(Extracted entries Opens)

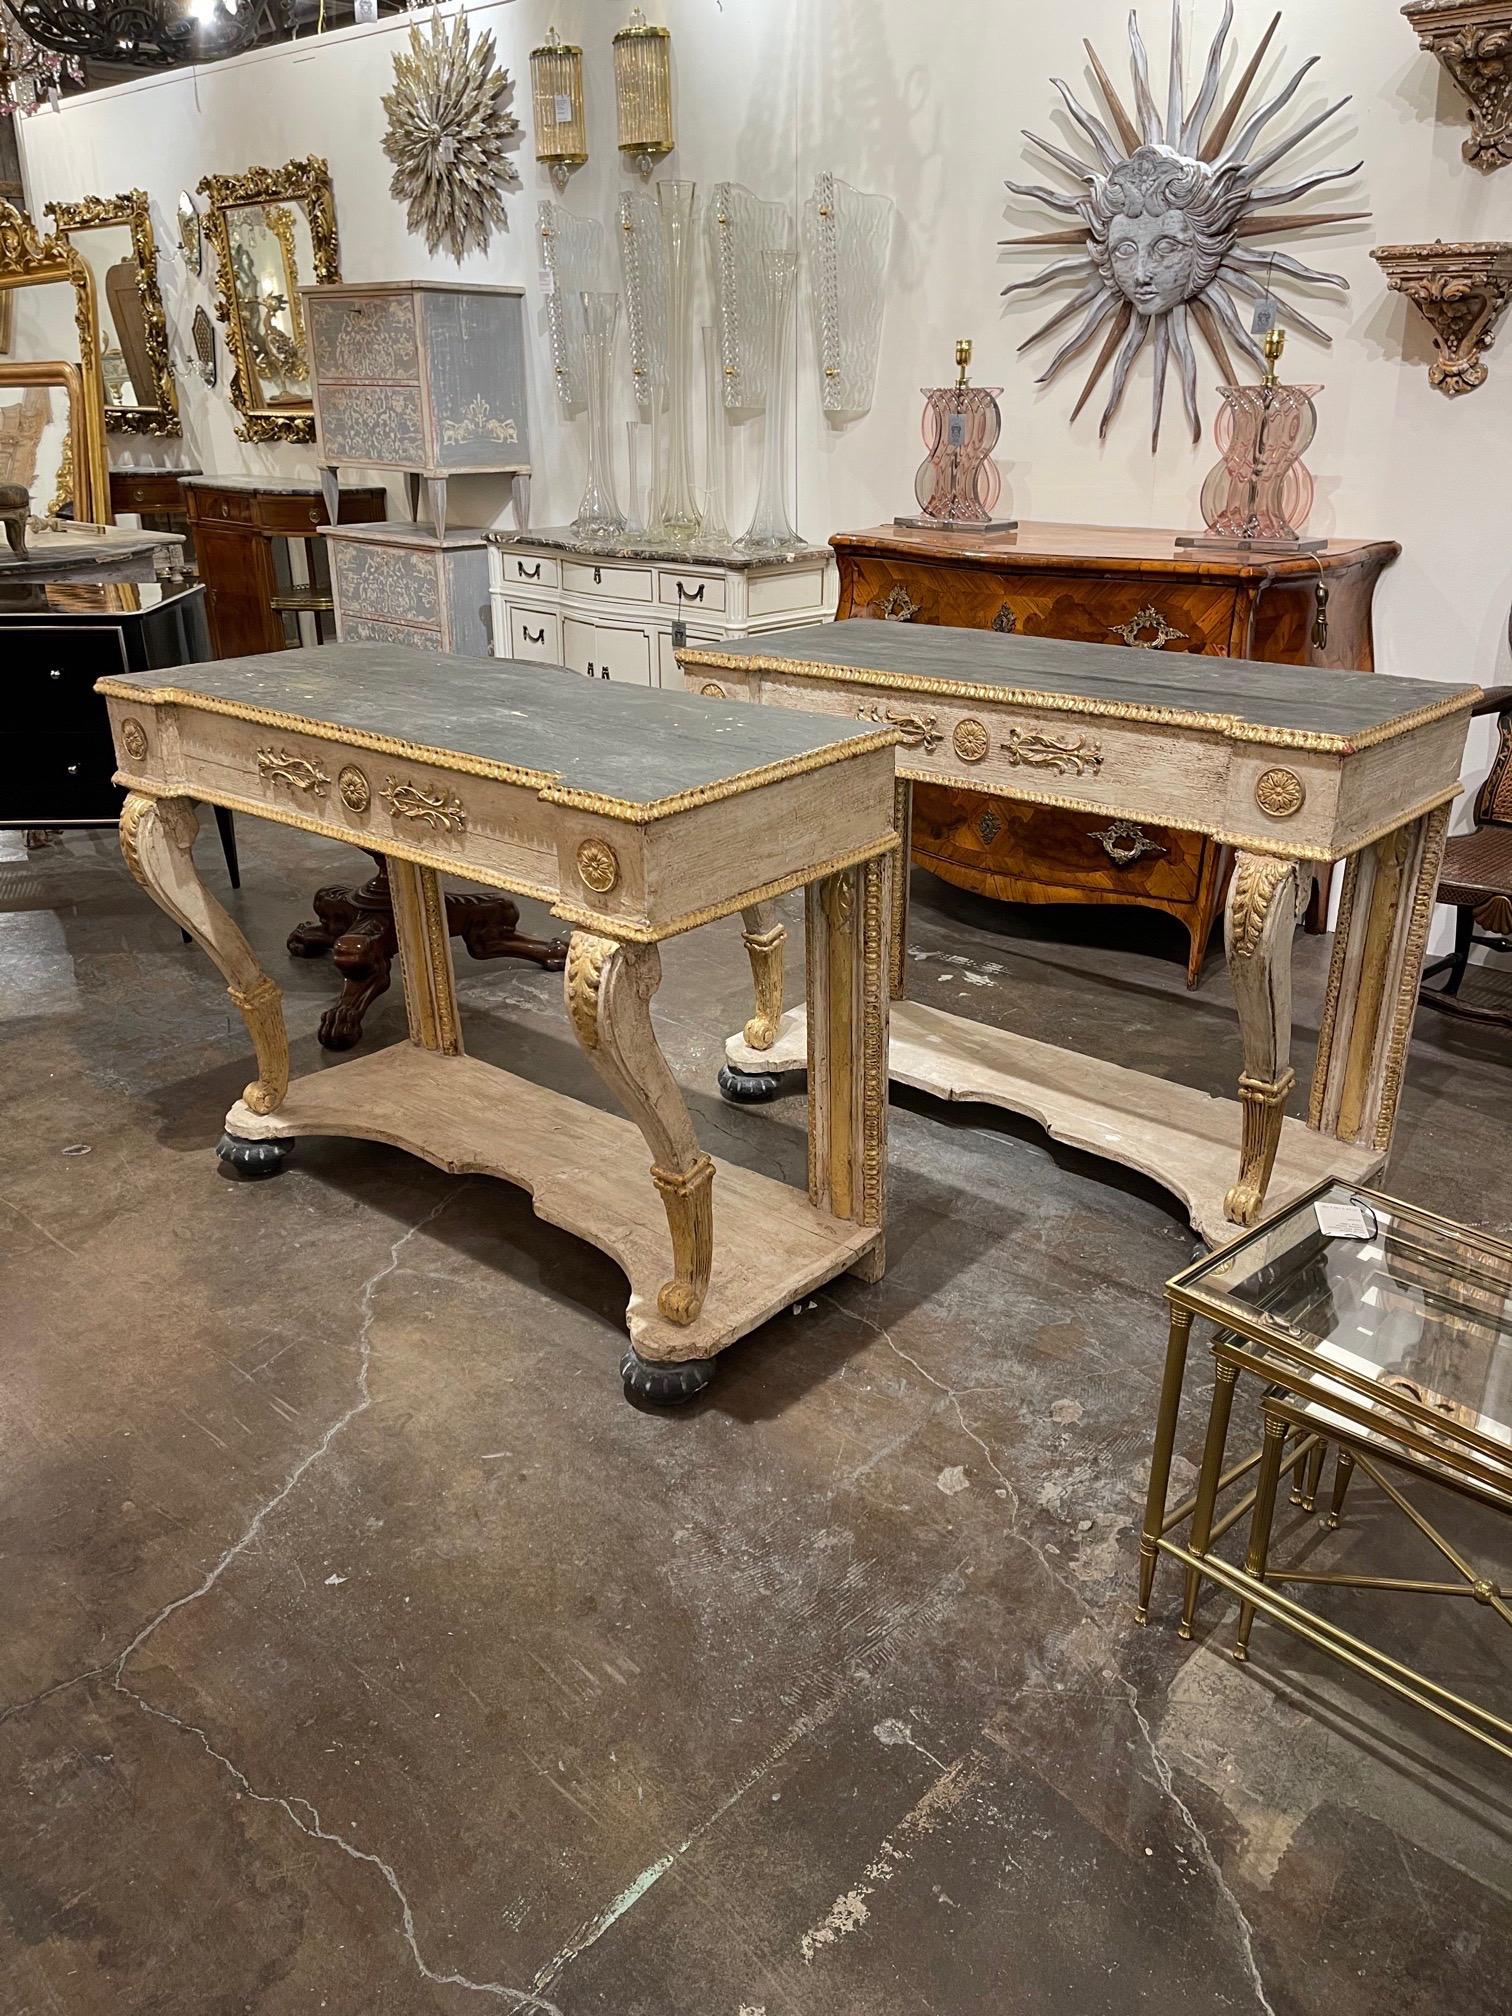 Beautiful Italian carved and parcel-gilt consoles. Nice patina in colors of creme, black and gold along with pretty carvings. Lovely!! Note: Price listed is per item.
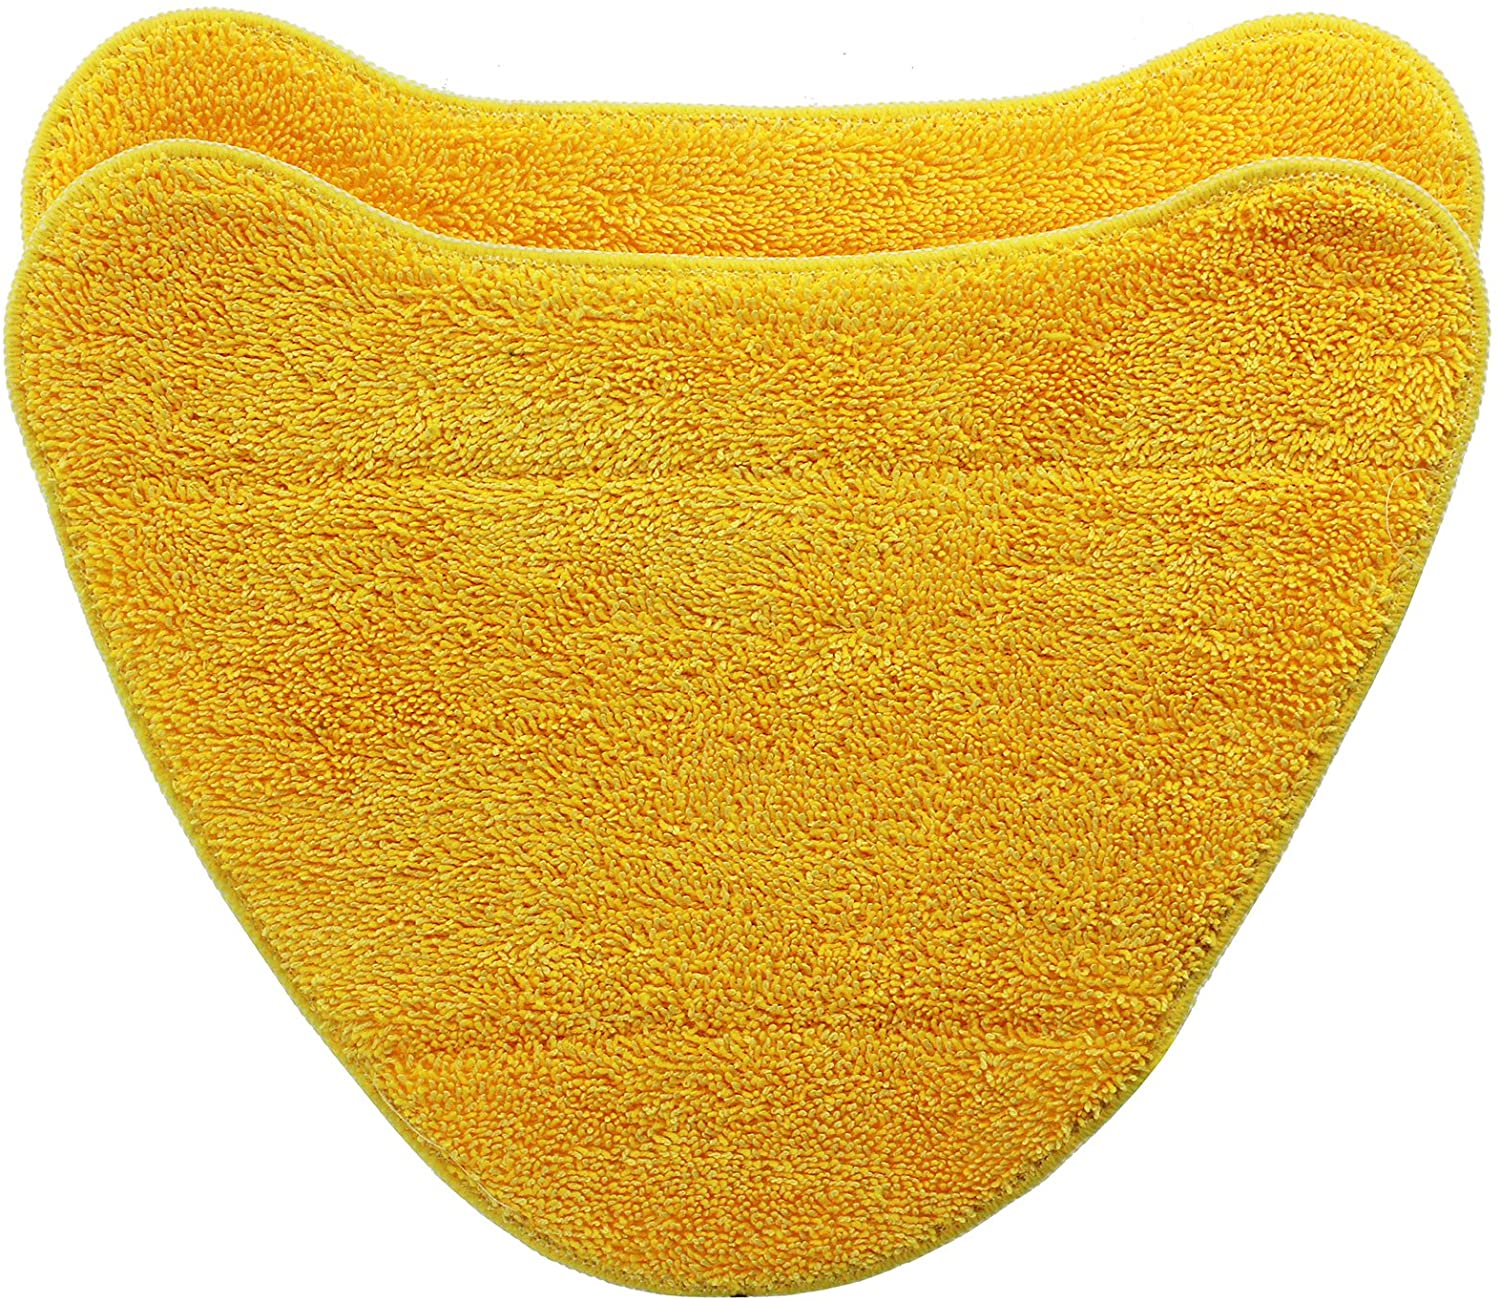 Cover + Scrub Pads Set for Vax Steam Cleaner Mop (Pack of 12 + 2 x 500ml Detergents)
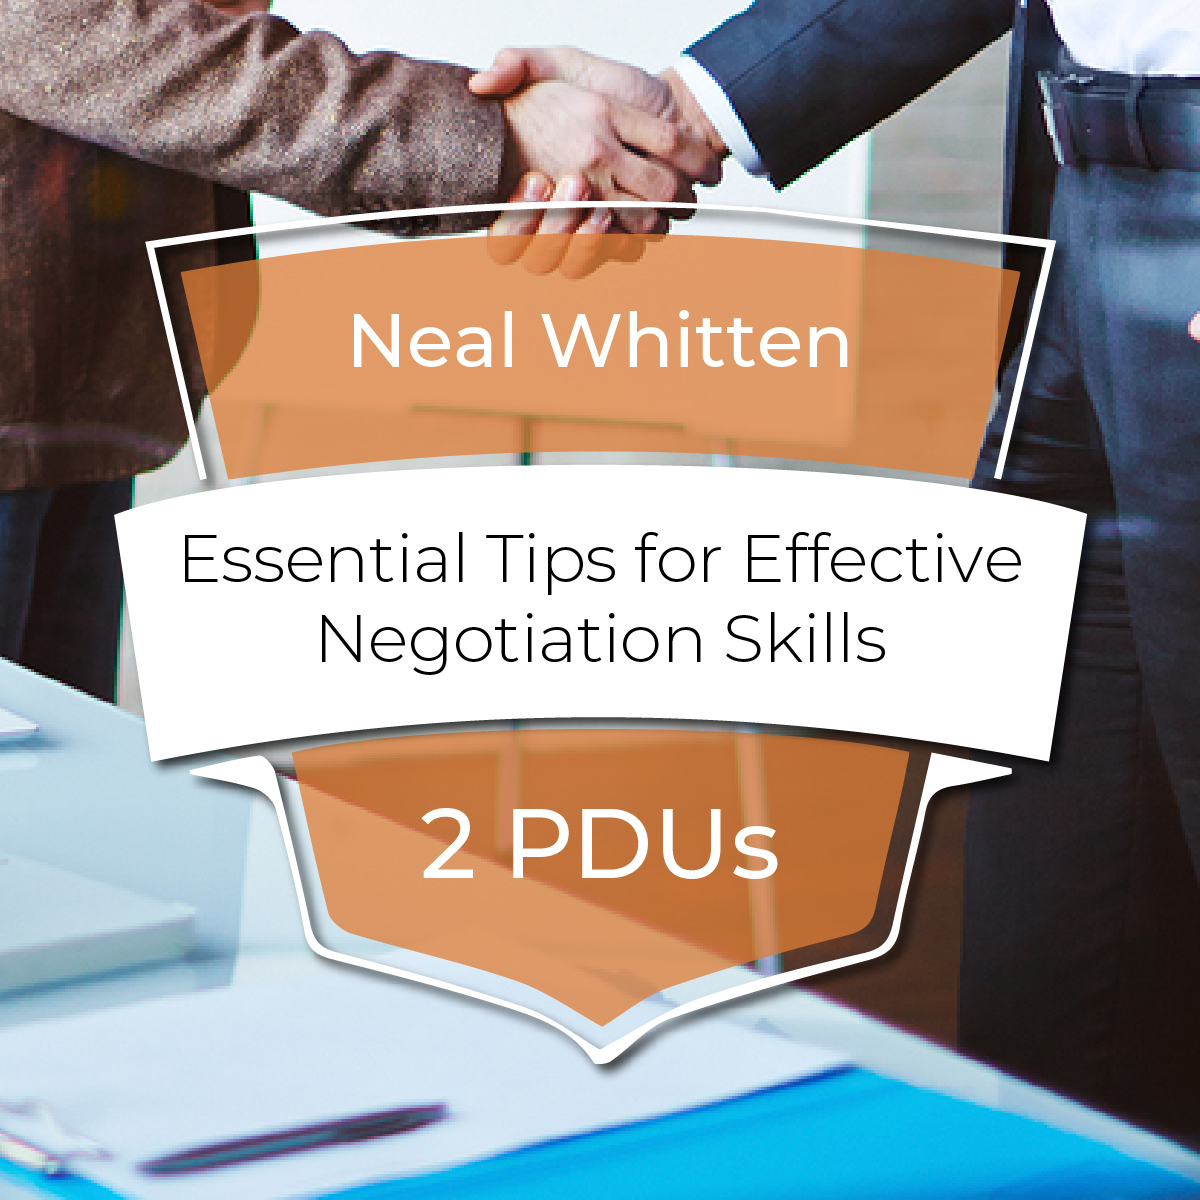 Essential Tips for Effective Negotiation Skills
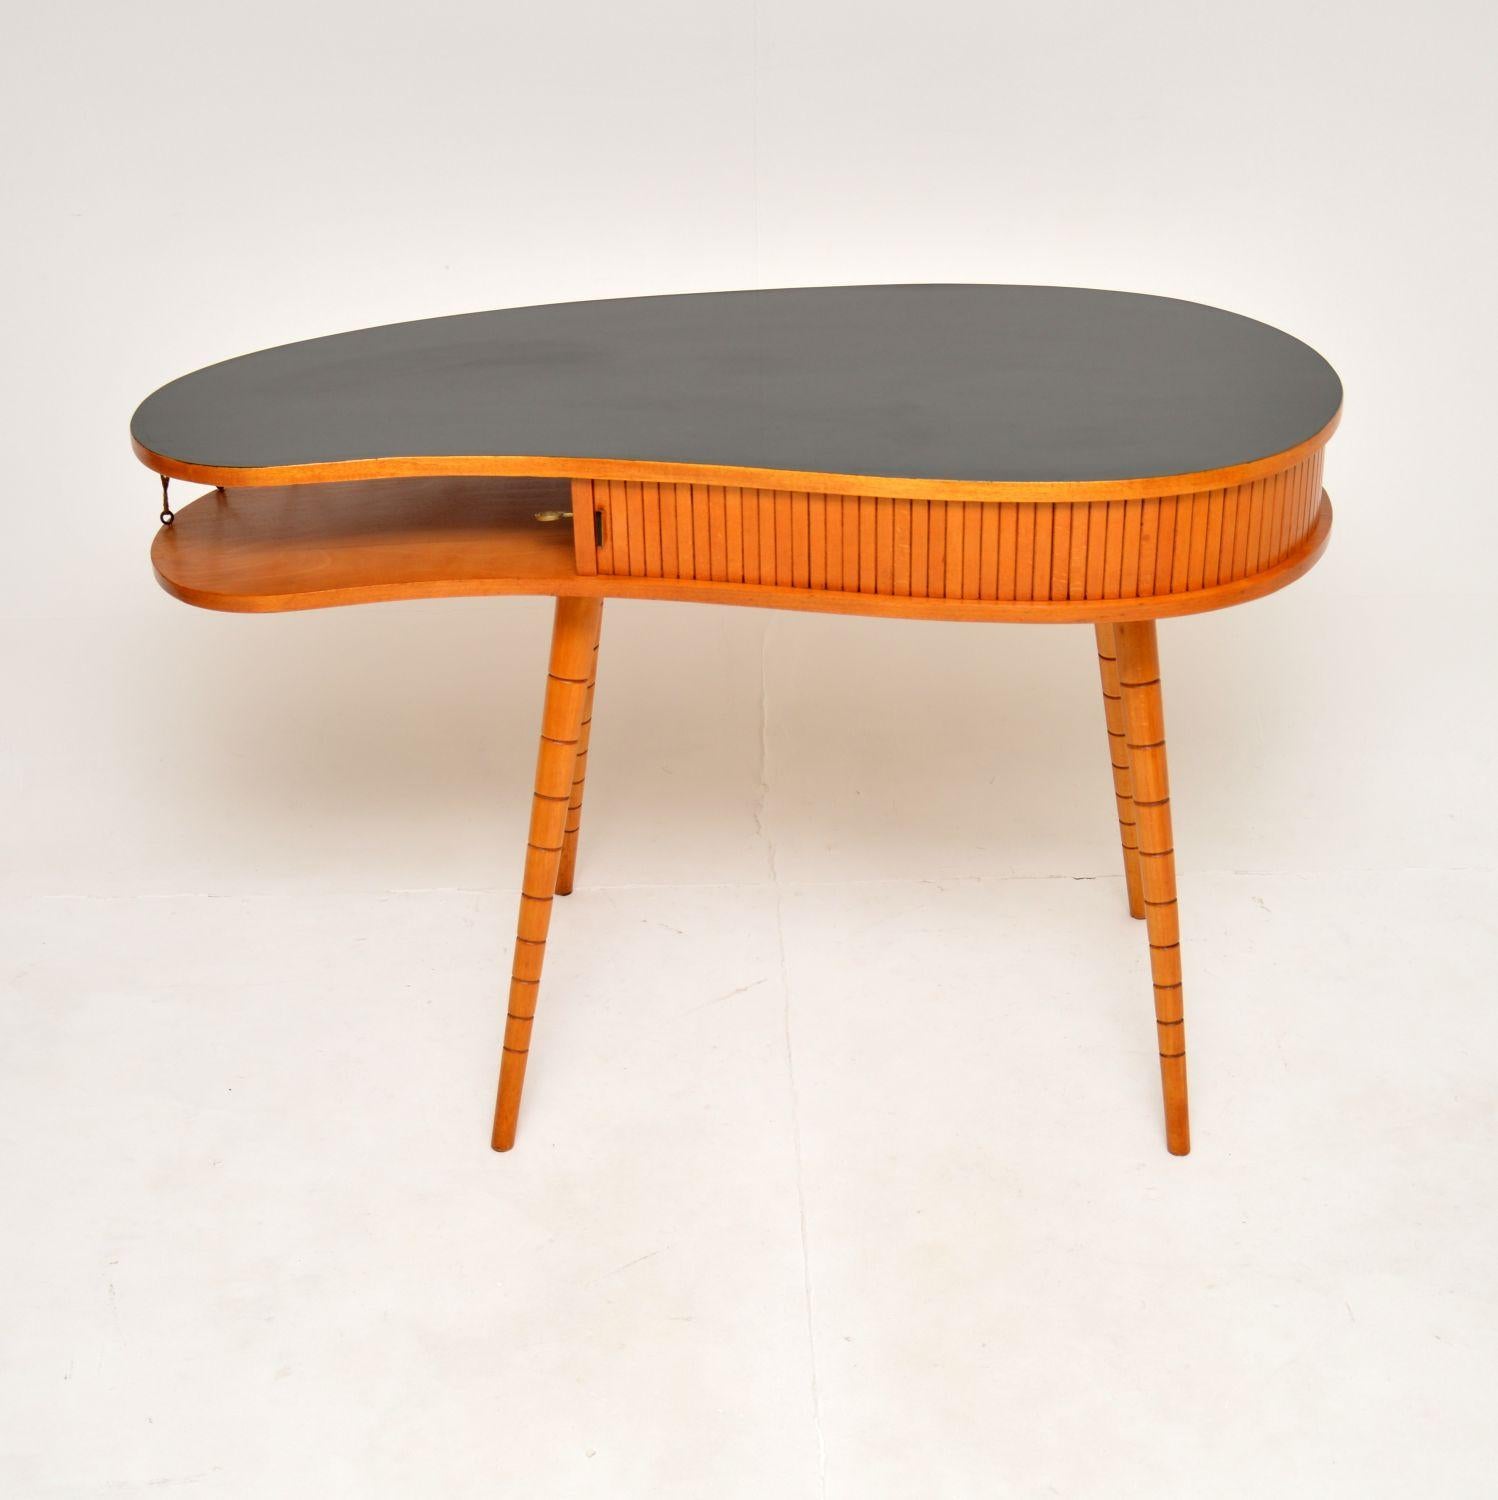 An outstanding vintage kidney shaped desk attributed to Eduard Ludvig, the well known German architect. This was made in Germany, it dates from the 1950’s.

It has a fantastic and very stylish design, the black laminated top has a kidney shape and

(Extracted entries Closes)

The lines from the top of the data above through the one holding "Cover + Scrub" are to be repeated exactly, and only those, with no pictures.

 Beautiful Italian carved and parcel-gilt consoles. Nice patina in colors of creme, black and gold along with pretty carvings. Lovely!! Note: Price listed is per item.
 Cover + Scrub Pads Set for Vax Steam Cleaner Mop (Pack of 12 + 2 x 500ml Detergents)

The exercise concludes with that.